Yatango, a consumer-focused data usage startup, launched in 2013 and is now on track to float in June.
Founder and chief executive Andy Taylor, who left Society One in 2012 to found the company, told StartupSmart he ultimately had to choose between listing on the ASX or the UK stock exchange.
“For us it was about how we can raise the capital we need to really scale this business on reasonable terms,” he says.
“We kind of exhausted the private seed family office space – we raised about $9 million from seed investors and at some stage we needed to get to that point where we could raise one big lump sum of cash. What I like about the ASX at the moment and all the money shifting from mining to tech is the appetite – there have been some successes recently.”
Taylor says finding the right broker was “the biggest challenge” in the lead up to the decision to float.
“You got to make sure you’ve got the right partners because it’s all about the people at the end of the day and you’ve got to be able to pull it off,” he says.
His advice to other founders who wish to scale their company is to focus on getting the tech right and winning over local investors.
“You’ve got to focus on the product to get it right, but I think a lot of the tech space gets sort of carried away by these Silicon Valley valuations and what you have got to do over here is very different,” he says.
“You’ve got to take a different strategy – Xero is a great example of a tech business doing it right and we want to play by the same book. I would advise not to get too carried away and manage the cash burn… that’s the most important thing.”
Yatango is hoping to raise a minimum of $6 million when it floats in order to fund a rapid international expansion.
“This is one step to a bigger strategy to expanding into the US and Europe,” Taylor says.

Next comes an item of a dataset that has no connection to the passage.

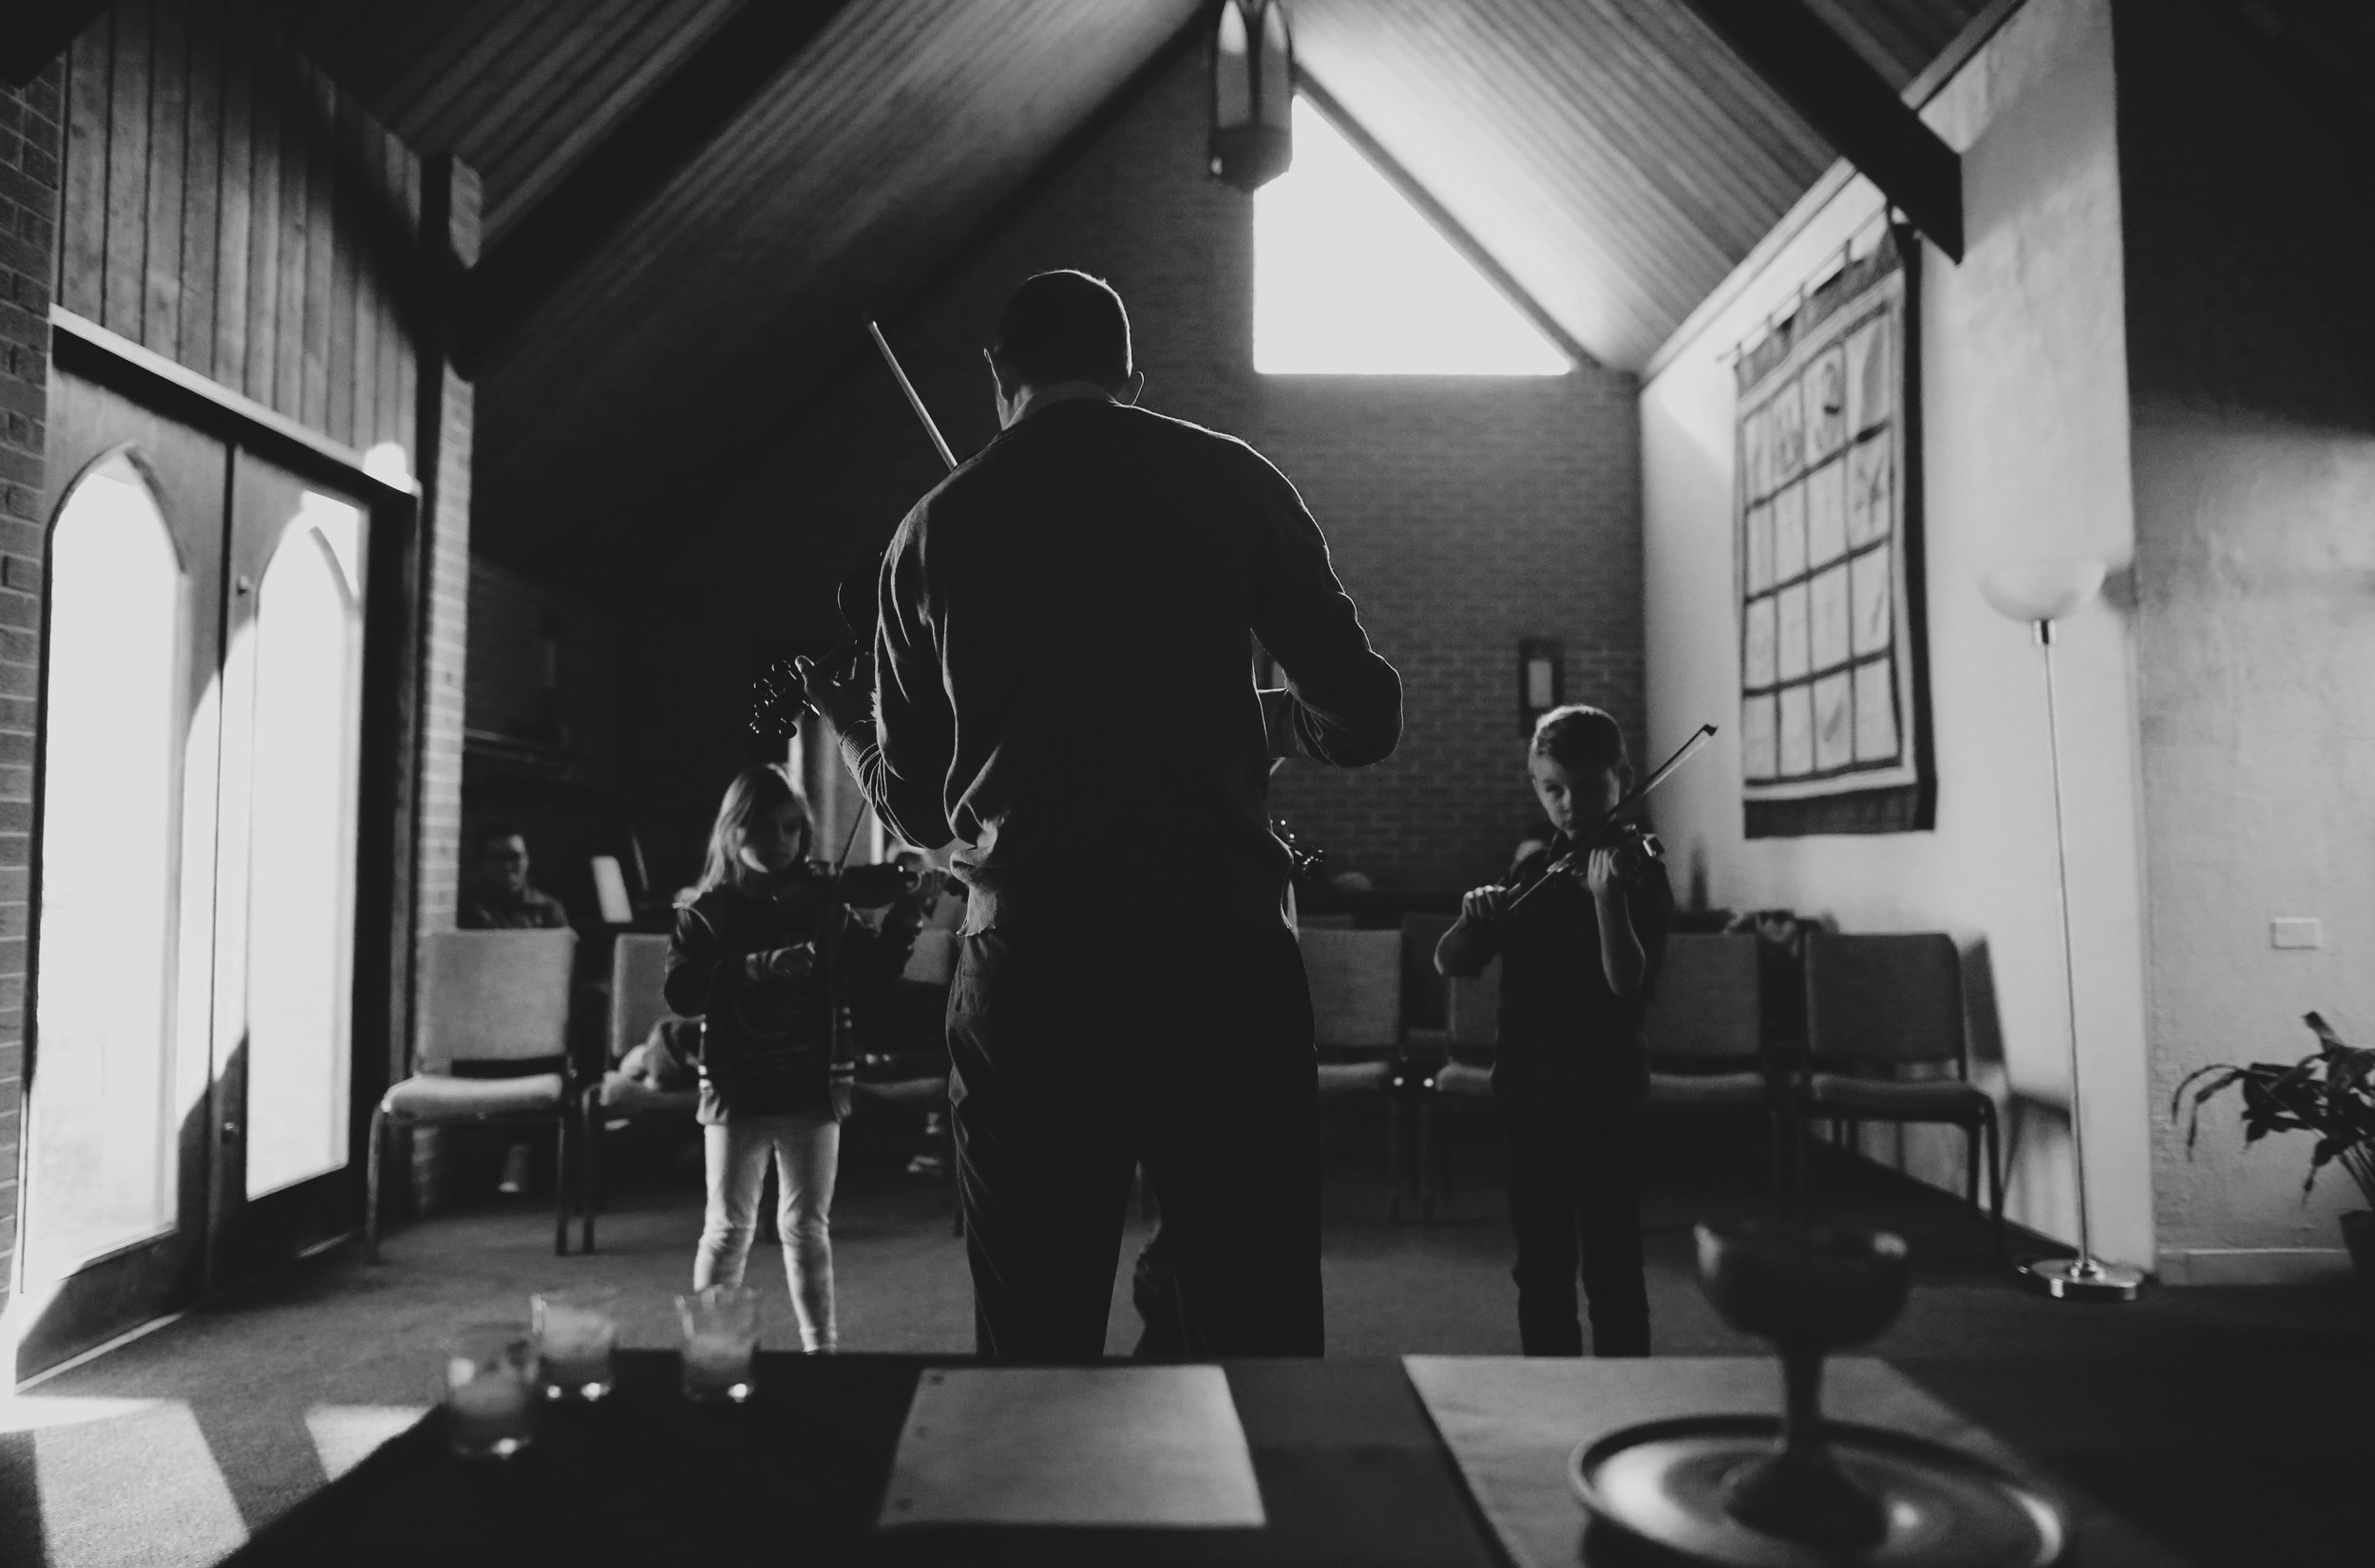 violin class at Morton Grove Community Church
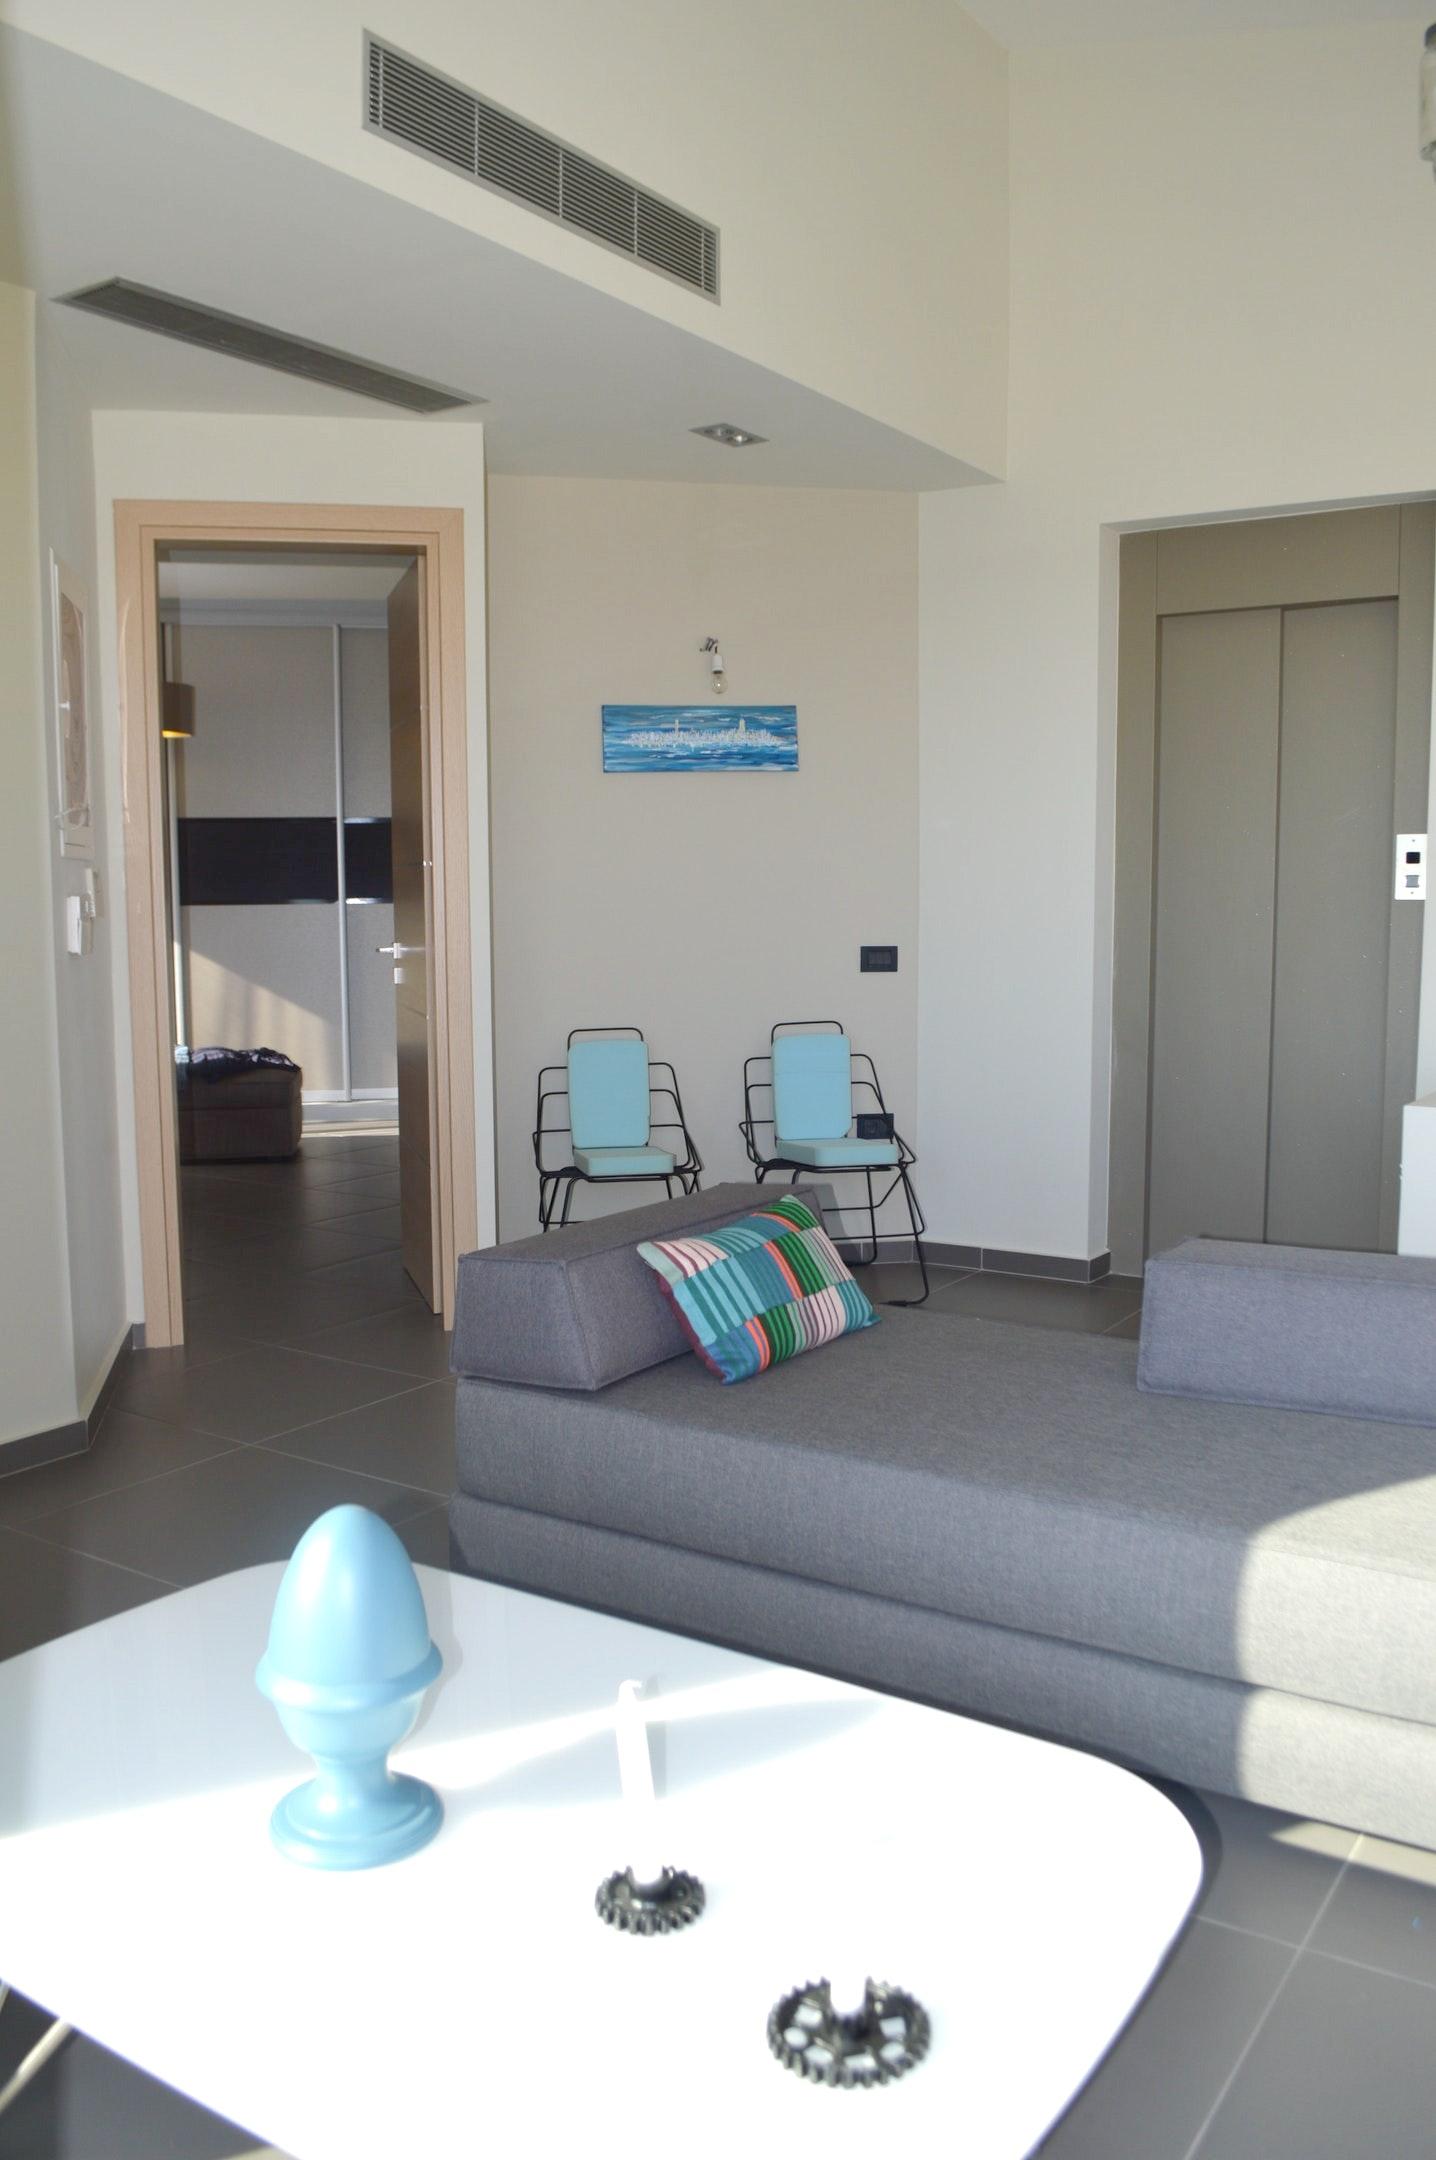 Maison de vacances Villa mit 4 Schlafzimmern in Anavissos mit herrlichem Meerblick, privatem Pool, eingezäunt (2339408), Thimari, , Attique, Grèce, image 9

“We believe we have the foundations in place now to do that.”
Yesterday the government introduced legislation into Parliament that will see an overhaul of the rules governing employee share schemes – meaning startup employees will be able to defer the tax on their options until they are converted to shares.
However, businesses turning over more than $50 million are exempt, as are companies listed on an approved stock or securities exchange.
Taylor says he is “highly disappointed” that his business will be exempt from the new employee share scheme framework, along with companies like Freelancer and Atlassian.
“I just think this is a case of the rules having to catch up with the reality,” he says.
“For companies like us that want to grow and be international, we believe this [listing on the ASX] is the only way we could do that if we are to stay in Australia… other than going to find a massive VC company that would put the most onerous terms on us we could imagine.”